I feel it may be a question of education, really. Show programmer a few examples of graceful shutdown done right and they’ll get the gist.

Enforcing good habits via language design seems to be almost impossible in this particular case.

Anyway, if you come up with something, I’d be curious to see it.

#8

Right. In Go, the way they handle cancellation is literally “pass a channel around to everyone to carry the cancel signal”, just like your graceful cancellation proposal. And they’ve done a huge amount of work to make this ergonomic, and plumb it through the ecosystem everywhere, but… you still can’t use it to wake up basic socket calls like accept or recv. (And those are the two calls you need to interrupt to do graceful shutdown of an HTTP/1.1 server.) So based on their experience, I’m guessing your graceful cancellation system will see pretty limited use.
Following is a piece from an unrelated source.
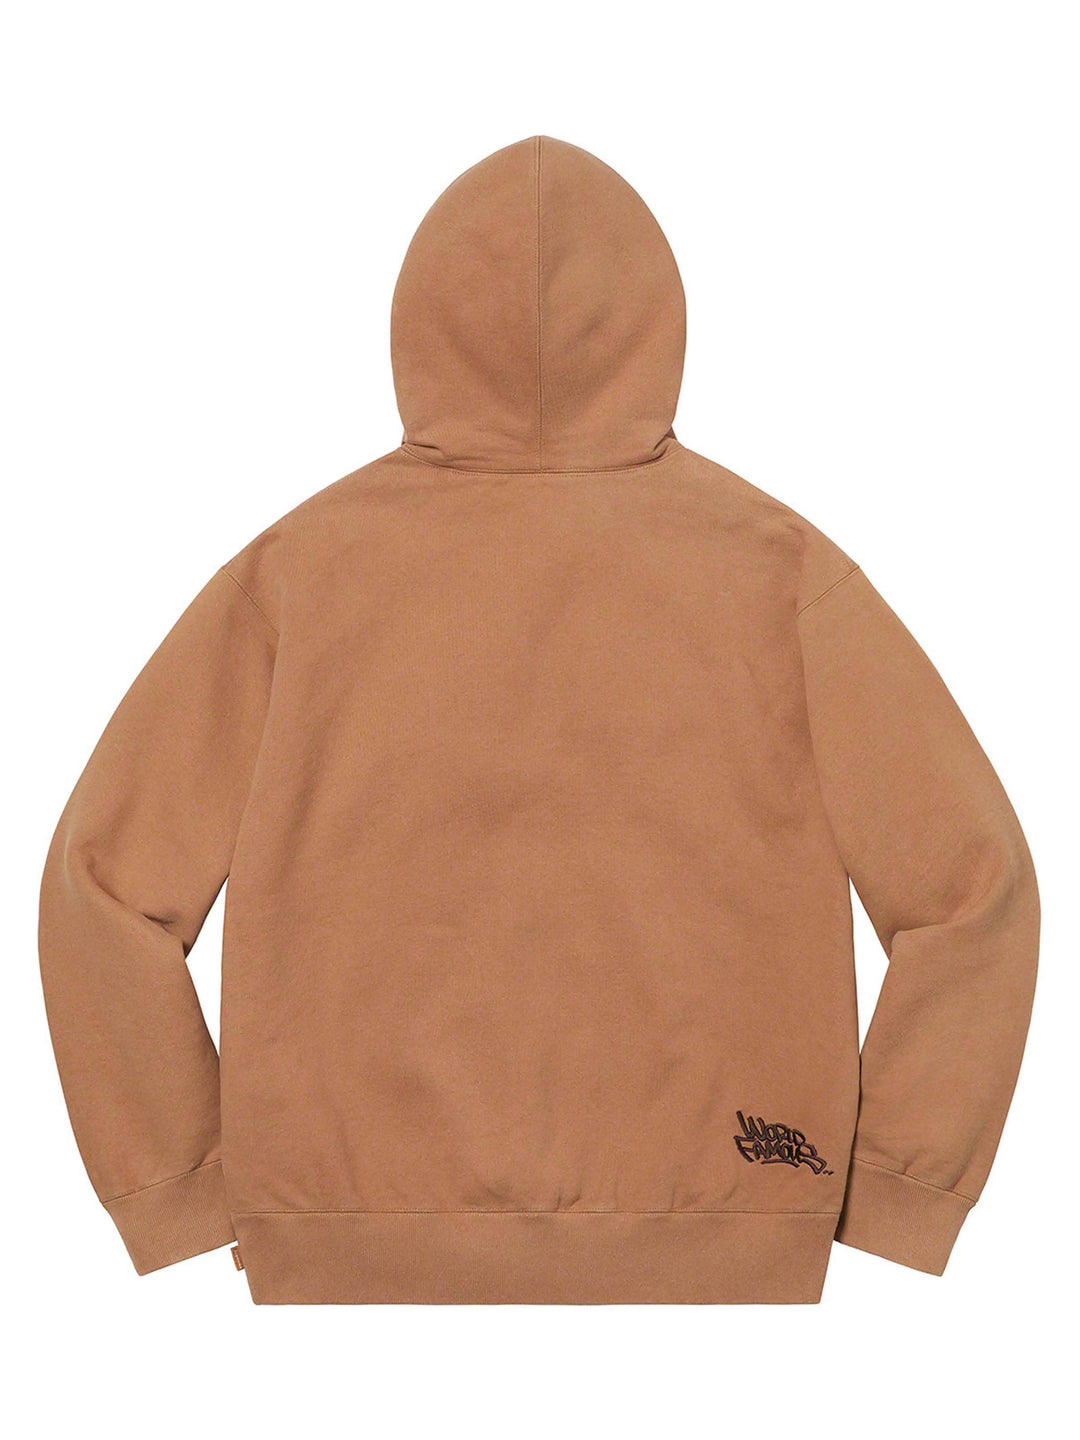 Supreme Handstyle Hooded Sweatshirt Brown [SS21] Prior

Maybe that’s still the best possible outcome once you take into account the limitations of other approaches, though.

Oh yeah, I was using your name for the function :-). Our core Stream API uses the same semantics as BSD recv(2), i.e., it allows short reads – see trio.abc.ReceiveStream.receive_some. So that makes atomicity much easier. (Though there are still some corner-cases where receive_some isn’t atomic wrt cancellation. For example, cancelling SSLStream.receive_some can corrupt the stream’s internal state, if you get really unlucky and it’s in the middle of a TLS renegotiation. Fortunately renegotiation is mostly deprecated.)

In practice, after receive_some is cancelled, usually the next thing you do is close the stream anyway. Either your whole routine is being cancelled from outside, or in the graceful cancellation case you’ve specifically selected a receive_some that you know you want to break out of, so you get a chance to think about the consequences of any lack-of-atomicity when opting-in.

#9

Ah, now I see what we are talking about here.

So, I haven’t made one of my assumptions explicit. Namely, that most coroutines don’t need graceful shutdown. I am looking at a codebase I am woking on at job now, it’s in Go, so there’s a lot of goroutines, but graceful shutdown is rarely needed, definitely below 10% of cases. (For example, a coroutine that handles WebSocket connections may need GS, but the coroutine doing accept loop does not.)

If you color the coroutines that need GS in the call tree red, it looks more or less like this:

gs3

Now, the thing is that unlike with Golang’s contexts, the white circles don’t have to do any additional work to support GS. If they support hard cancellation they are good to do.

So, in the end, I would imagine authors of libraries that require GS to actually implement it (if you are implementing WebSocket library, you want to handle CLOSE somehow, anyway, so you may as well do an actual GS) and everyone else to ignore it. The entire system would still work.

One part where the language may help, I think, is to propagate the GS period down the call tree automatically. I.e. if the coroutine is GS-unaware and doesn’t specify GS period when shutting down its children, the GS period specified by its parent will be used.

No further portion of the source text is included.